RECORDED INFORMATION:
=====

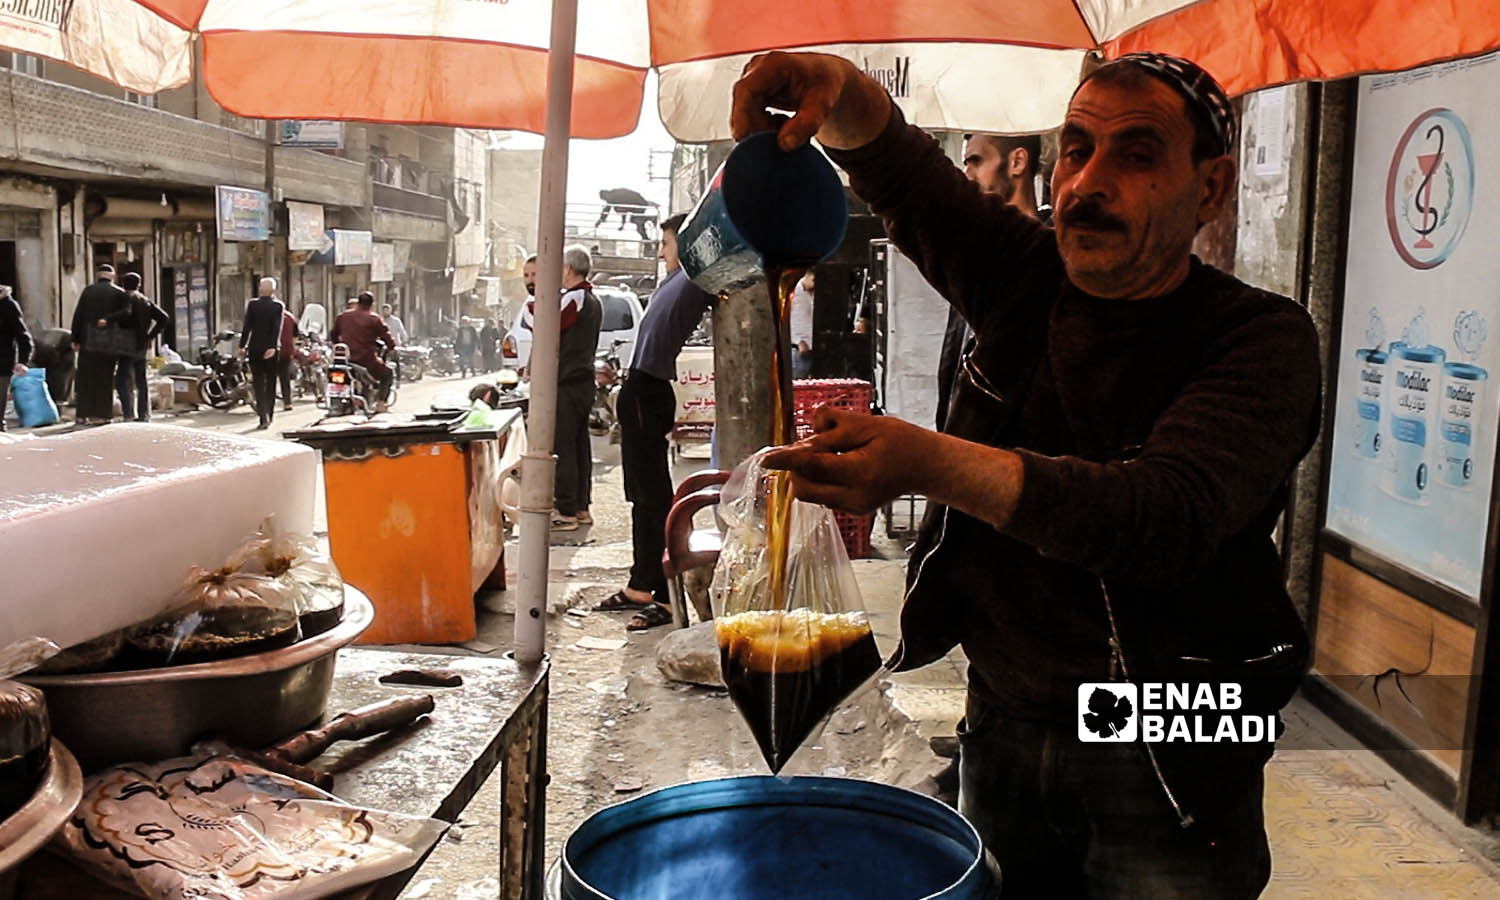 Sale of Ramadan beverages on the streets of Idlib city in northwest Syria - 6 April 2022 (Enab Baladi)
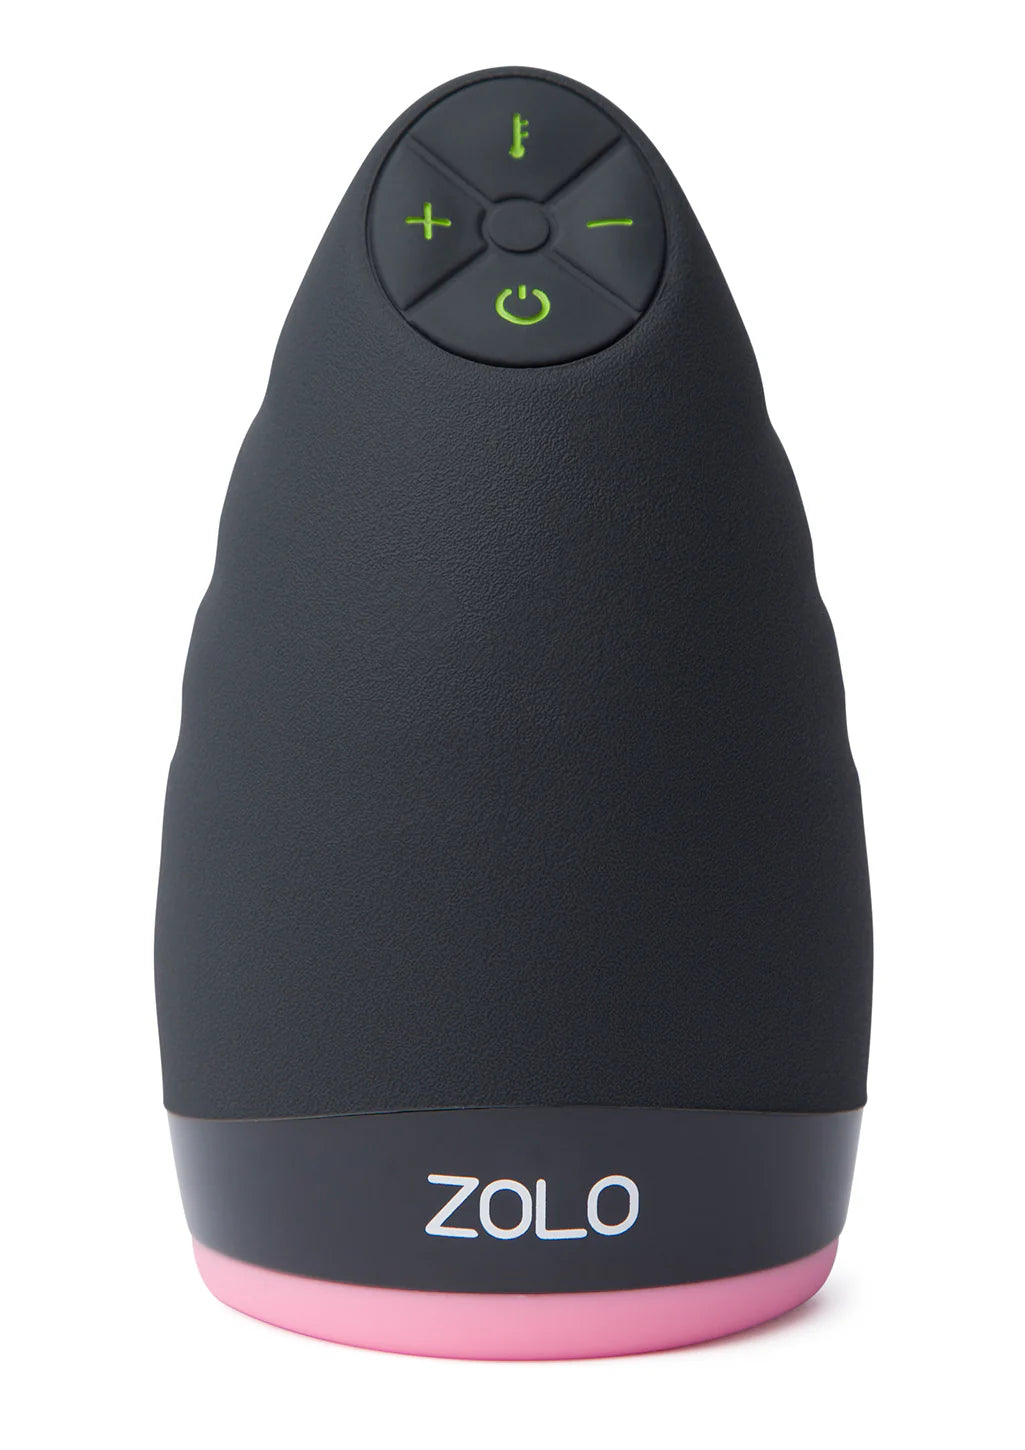 ZOLO Warming Dome Rechargeable Vibrating Masturbator
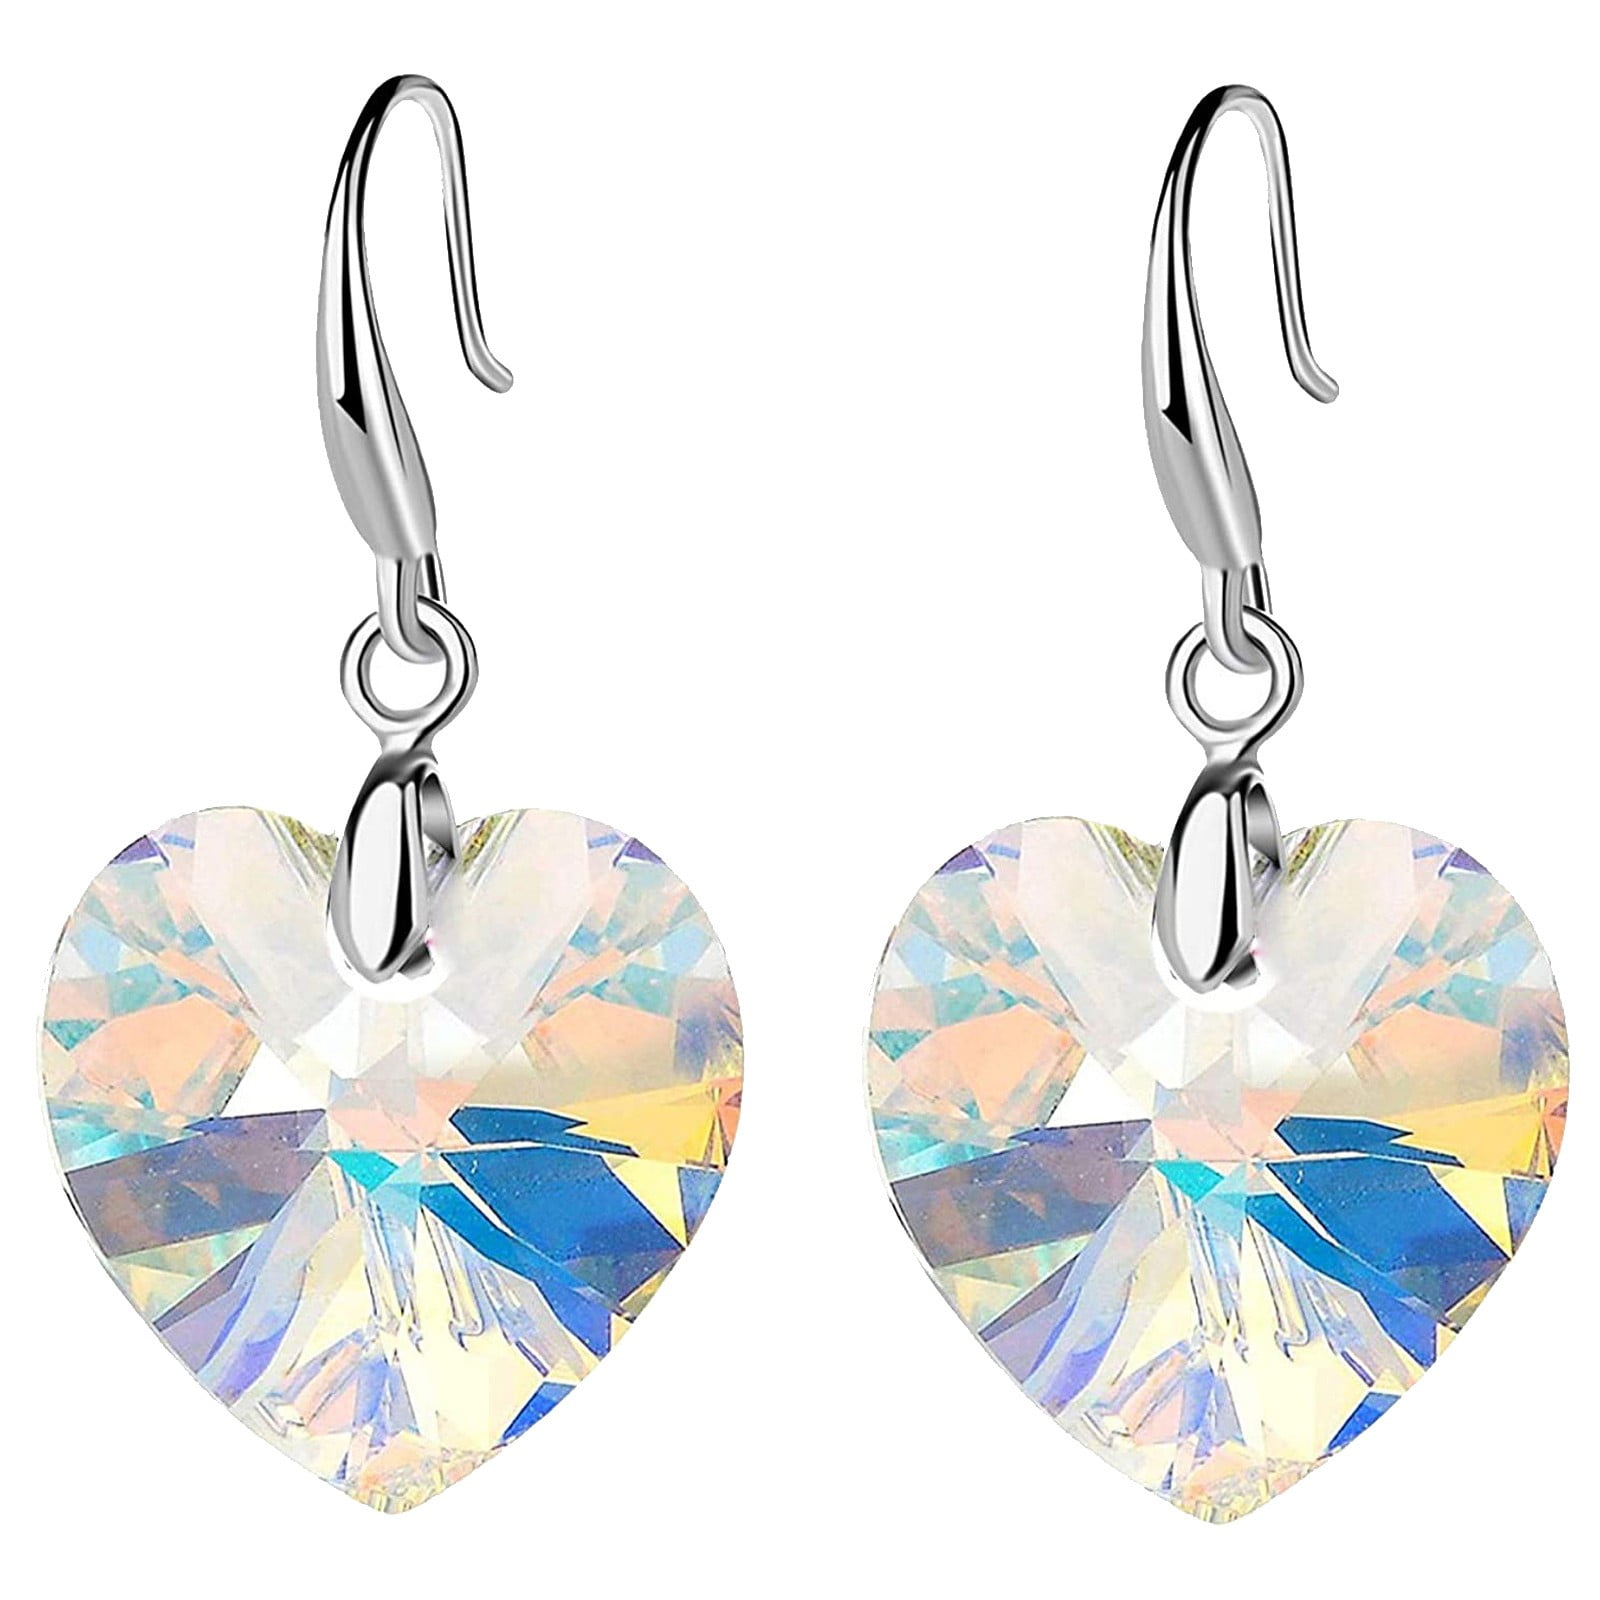 dangling faceted iridescent heart earrings

=====

Your answer must be the full listing, word for word, minus any images.

 Sale of Ramadan beverages on the streets of Idlib city in northwest Syria - 6 April 2022 (Enab Baladi)
 ZOLO Warming Dome Rechargeable Vibrating Masturbator
 dangling faceted iridescent heart earrings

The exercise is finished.